Aurelia iba de mala gana. Protegía los bienes de la abuela como cancerbero.

- ¿Y dónde está su casa? -proseguía la abuela.

- ¿Cuál casa?

- La del Chocolate.

- Pos él vive conmigo.

- Dígame dónde.

- Pos allá por la loma.

- Cuál loma?

- Pos Santa Fe.

- ¡Ah! ¿Y qué le da usted a mediodía?

- Lo que caiga.

- No le entiendo. Mejor que me lo diga el Chocolate. En fin, está gordito, se ve bien.

El viejo mascullaba algo entre dientes; tenía razón la abuela, no se le entendía. 'A lo mejor él era quien no entendía la actitud solícita de la señora grande.

- Esta noche arropa usted muy bien al Chocolate en la cobija.

El viejo ni siquiera parecía verla. La abuela le ordenaba, impaciente:

- Mire usted, pone la cobija doble y envuelve al perro como un taco para que no se destape.

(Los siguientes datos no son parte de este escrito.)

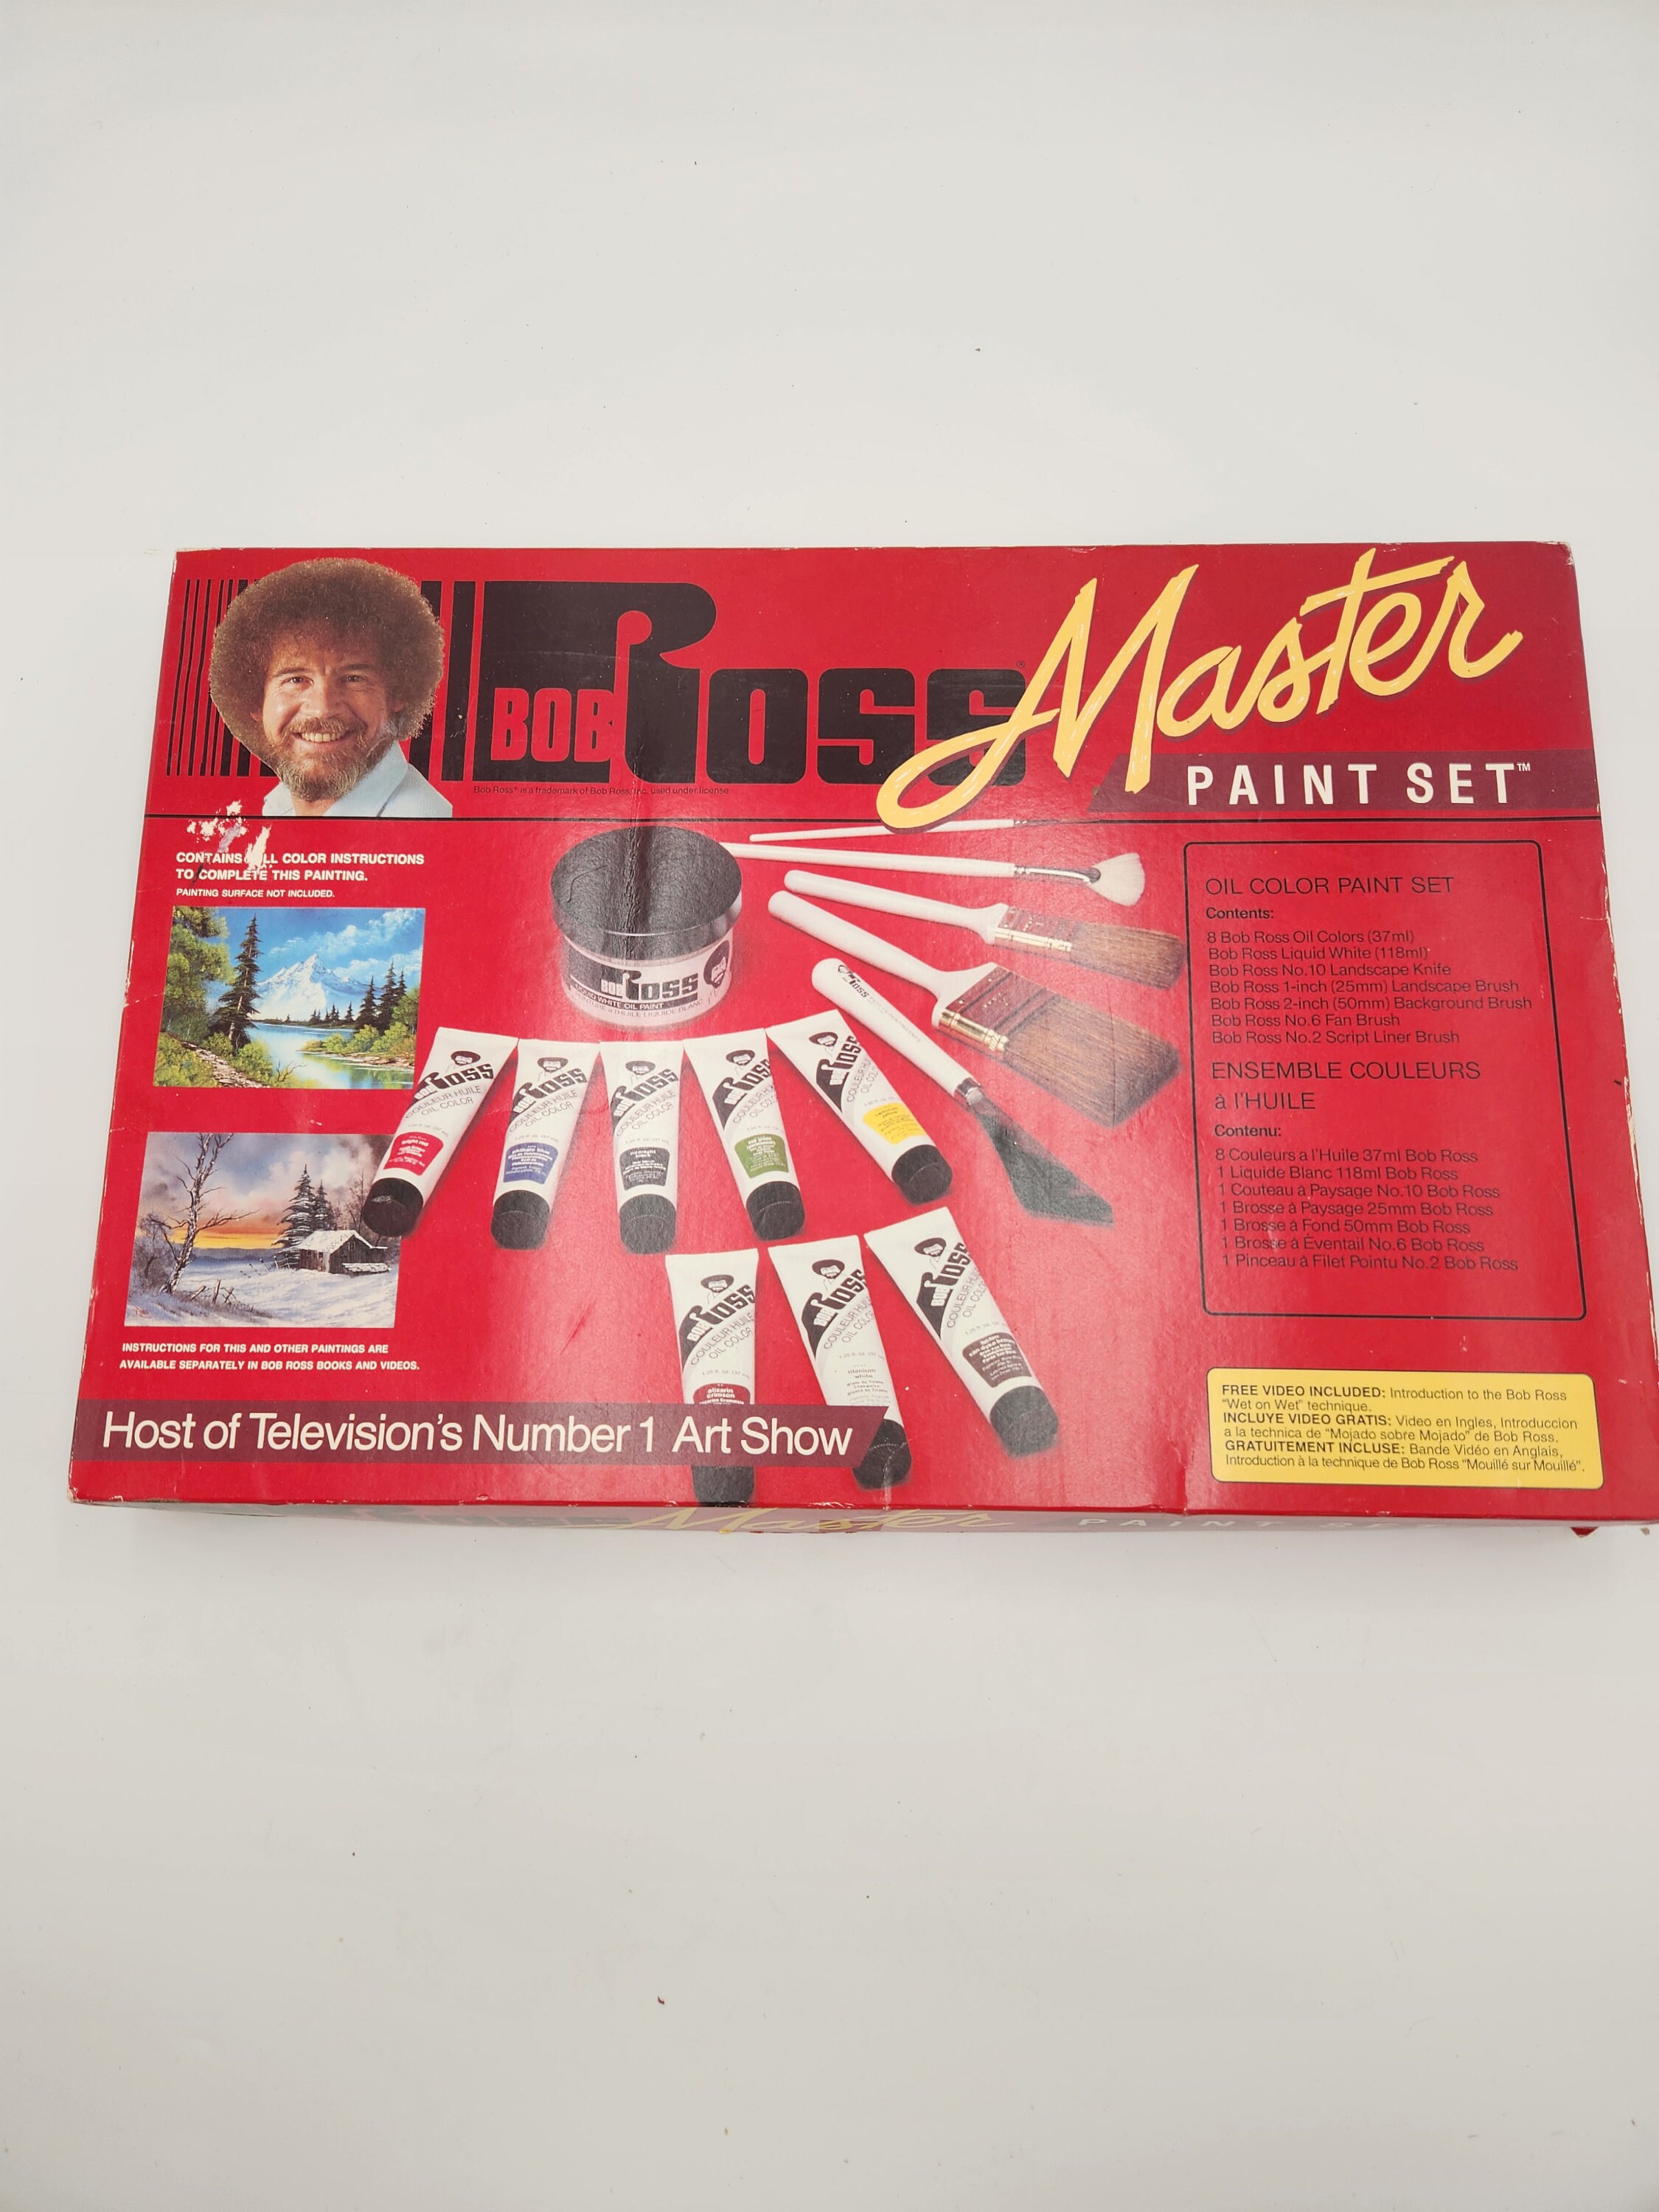  Bob Ross Painting Kit

Después mi mamá grande habría de comentarle a Aurelia:

"Qué viejo más limitado, pobre Chocolate. Estaría mucho mejor conmigo”

- ¿Y la escudilla que le regalé la semana pasada para su comida? -le rezongaba Aurelia al mendigo.

Mi abuela era de las que decían con una sonrisa y la altanería de su nariz respingada: "No le hablo a usted, sino al perro"

Veintidós perros, a veces veintisiete y en alguna ocasión treinta, ciento veinte patas, treinta colas acompañaron mi infancia y adolescencia, pero entonces las criadas protestaron y la abuela decidió mandar a algunos al asilo de trescientos cincuenta perros y veinte gatos mancos, tuertos, cojos, tullidos, roñosos, calvos, atemorizados, machucados. "Es sarna", explicaba ella con toda tranquilidad, aunque alguna vez la contagiaron. Aurelia, la recamarera, y Cruz, la cocinera, compraban polvos de azufre amarillo y la abuela los ungía despacio para no humillarlos.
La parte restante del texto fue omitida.